Let’s first give a proof under a stronger assumption: each
\(f_n'(x)\) is continuous on
\([a, b]\text{,}\) and let’s denote
\(\lim_{n\to\infty} f_n'(x)\) by
\(g(x)\text{.}\) Then
\(g(x)\) is continuous on
\([a, b]\text{,}\) \(f_n(x)=f_n(x_0)+\int_{x_0}^x f_n'(t)\, dt\text{,}\) and
Theorem 2.2.7 implies that
\(\int_{x_0}^x f_n'(t)\, dt\to \int_{x_0}^x g(t)\, dt\text{,}\) so
\(\lim_{n\to\infty} f_n(x)\) exists---denote it as
\(f(x)\) and
\begin{equation*}
f(x)=\lim_{n\to\infty} f_n(x_0)+ \int_{x_0}^x g(t)\, dt\text{.}
\end{equation*}
It follows that
\begin{equation*}
f'(x)= g(x)=\lim_{n\to \infty} f_n'(x).
\end{equation*}
Furthermore, the convergence above is uniform over \(x\in [a, b]\text{,}\) as
\begin{equation*}
\sup_{x\in [a, b]} \left| \int_{x_0}^x f_n'(t)\, dt- \int_{x_0}^x g(t)\, dt \right|
\le \int_a^b \left| f_n'(t)-g(t)\right|\, dt \to 0
\end{equation*}
as \(n\to \infty\text{.}\)
We now do a proof in the general case.

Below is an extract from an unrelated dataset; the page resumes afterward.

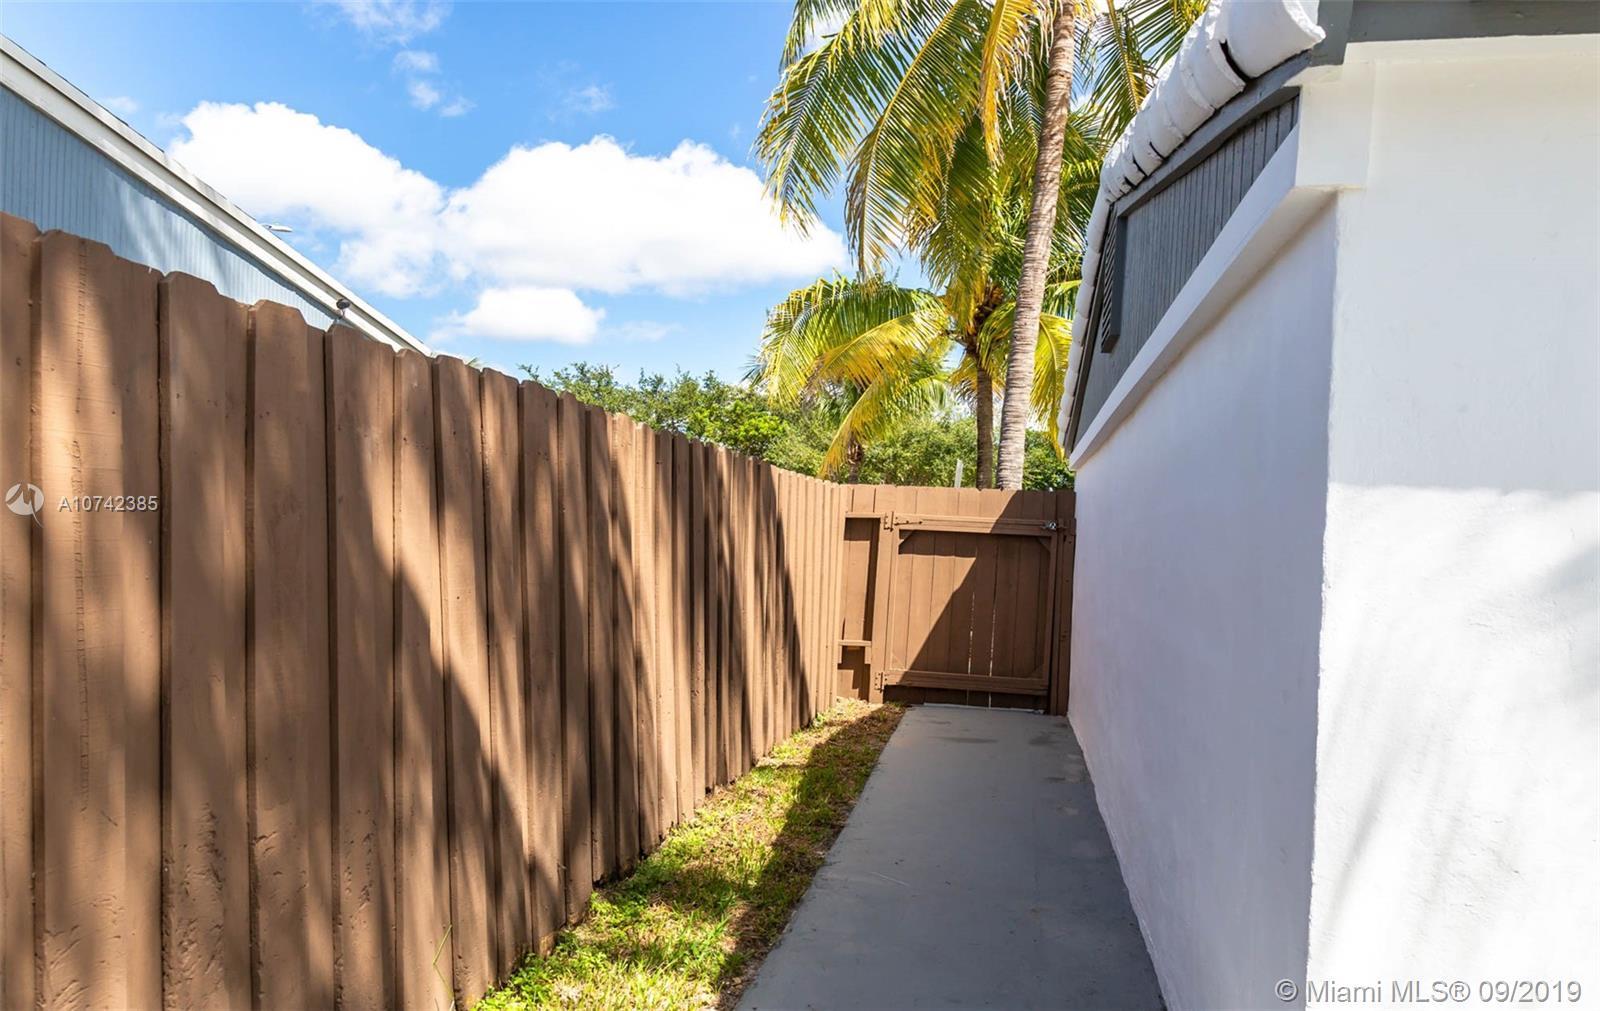 North Miami Beach # - 27 - photo
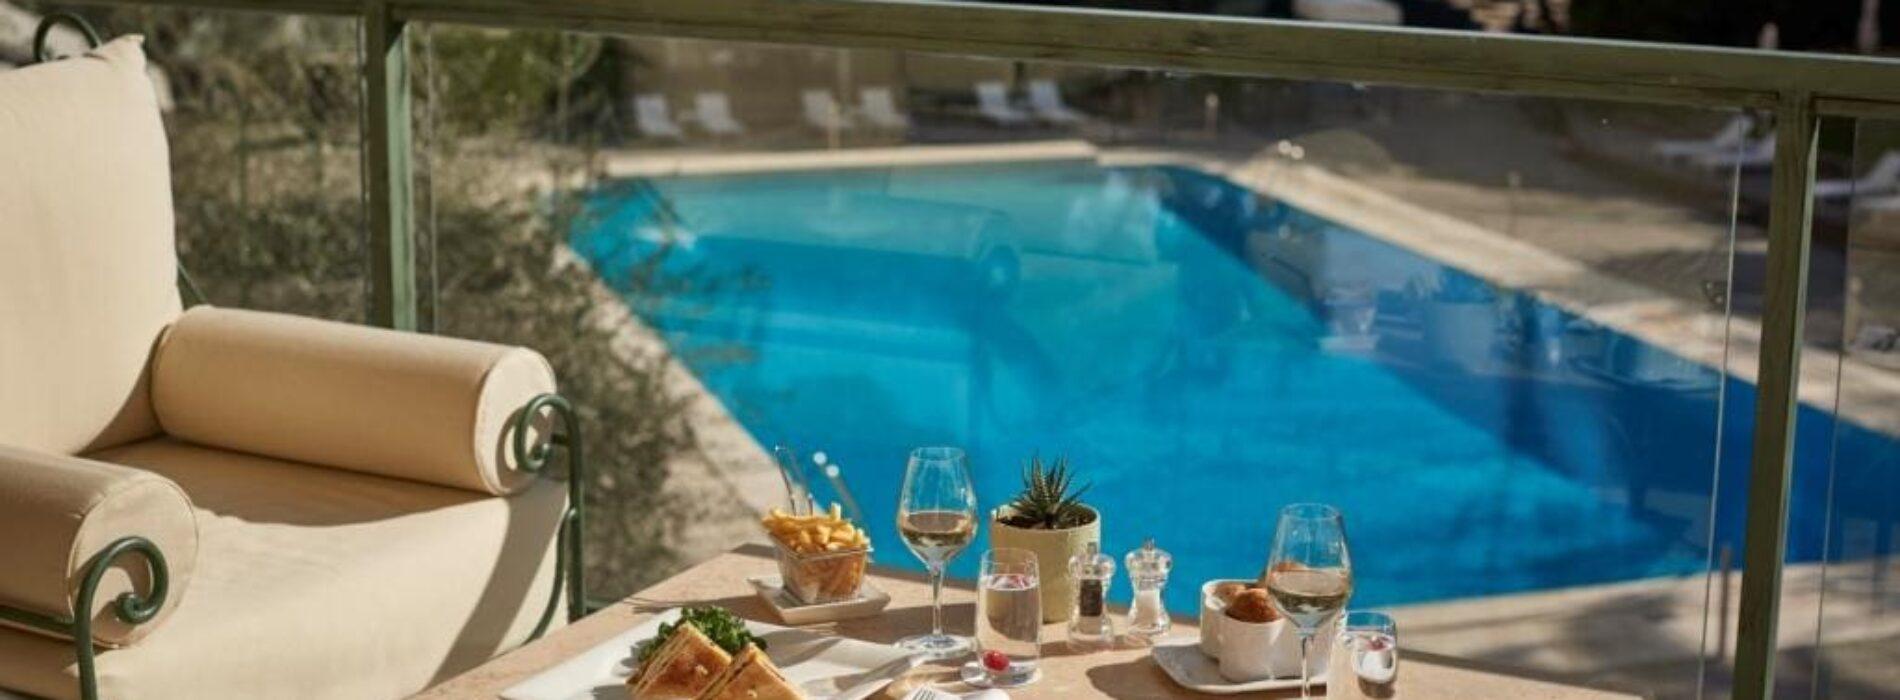 Ristoranti con piscina a Roma e dintorni: relax a bordo vasca per chi resta in città

First, we prove that \(\{f_n(x)\}\) converges uniformly over \([a, b]\text{.}\) Under the assumption of uniform convergence of \(\{f_n'(x)\}\) over \([a, b]\text{,}\) for any \(\epsilon >0\text{,}\) there exists \(N\) such that for \(n, m\ge N, x\in [a, b]\text{,}\) we have
\begin{equation}
|f_n'(x)-f_m'(x)| \lt \epsilon.\tag{2.4.1}
\end{equation}
Applying the theorem of the mean to \(f_n(x)-f_m(x)-\left[ f_n(x_0)-f_m(x_0)\right]\text{,}\) we get
\begin{equation*}
f_n(x)-f_m(x)-\left[ f_n(x_0)-f_m(x_0)\right]=\left(f_n'(x^*)-f_m'(x^*)\right)(x-x_0)
\end{equation*}
for some \(x^*\) depending on \(n, m, x\text{.}\) This leads to
\begin{equation*}
\left| f_n(x)-f_m(x)\right| \le \left| f_n(x_0)-f_m(x_0)\right| + \epsilon (b-a).
\end{equation*}
Since \(f_n(x_0)-f_m(x_0) \to 0\) as \(n, m \to \infty\text{,}\) this shows that \(\{f_n(x)\}\) satisfies the Cauchy Criterion for Uniform Convergence on \([a, b]\text{,}\) therefore it converges uniformly to some \(f(x)\) on \([a, b]\text{.}\)
Next for any
\(x\in (a, b)\) we define
\(g_n(h)=\left[f_n(x+h)-f_n(x)\right]/h\) for
\(0 \lt |h| \lt \delta\) for some
\(\delta >0\) (when
\(x=a\) or
\(b\text{,}\) we restrict
\(h\) to have appropriate sign). Note that
\(g_n(h)\to f_n'(x)\) as
\(h\to 0\) and that
\(g_n(h)\to \left[f(x+h)-f(x)\right]/h\) as
\(n\to \infty\text{.}\) We next show that this convergence is uniform for
\(0 \lt |h| \lt \delta\text{.}\)
We apply the theorem of the mean to \(g_n(h)-g_m(h)\) to get
\begin{equation*}
g_n(h)-g_m(h)=f_n'(x^*)-f_m'(x^*)
\end{equation*}
for some
\(x^*\) between
\(x\) and
\(x+h\) depending on
\(n, m, x, h\text{.}\) But
(2.4.1) holds for
\(n, m\ge N, x\in [a, b]\text{,}\) so we get
\(| g_n(h)-g_m(h) | \lt \epsilon\) for
\(n, m\ge N\) uniformly in
\(0 \lt |h| \lt \delta\text{.}\) This shows that
\(g_n(h)\) converges to
\(\left[f(x+h)-f(x)\right]/h\) uniformly in
\(0 \lt |h| \lt \delta\) as
\(n\to \infty\text{.}\) Now
Theorem 2.2.1 applies to
\(g_n(h)\) to conclude that
\begin{equation*}
\lim_{h\to 0} \left[f(x+h)-f(x)\right]/h = \lim_{n\to \infty} f_n'(x).
\end{equation*}
Namely, \(f'(x)\) exists and equals \(\lim_{n\to \infty} f_n'(x)\text{.}\)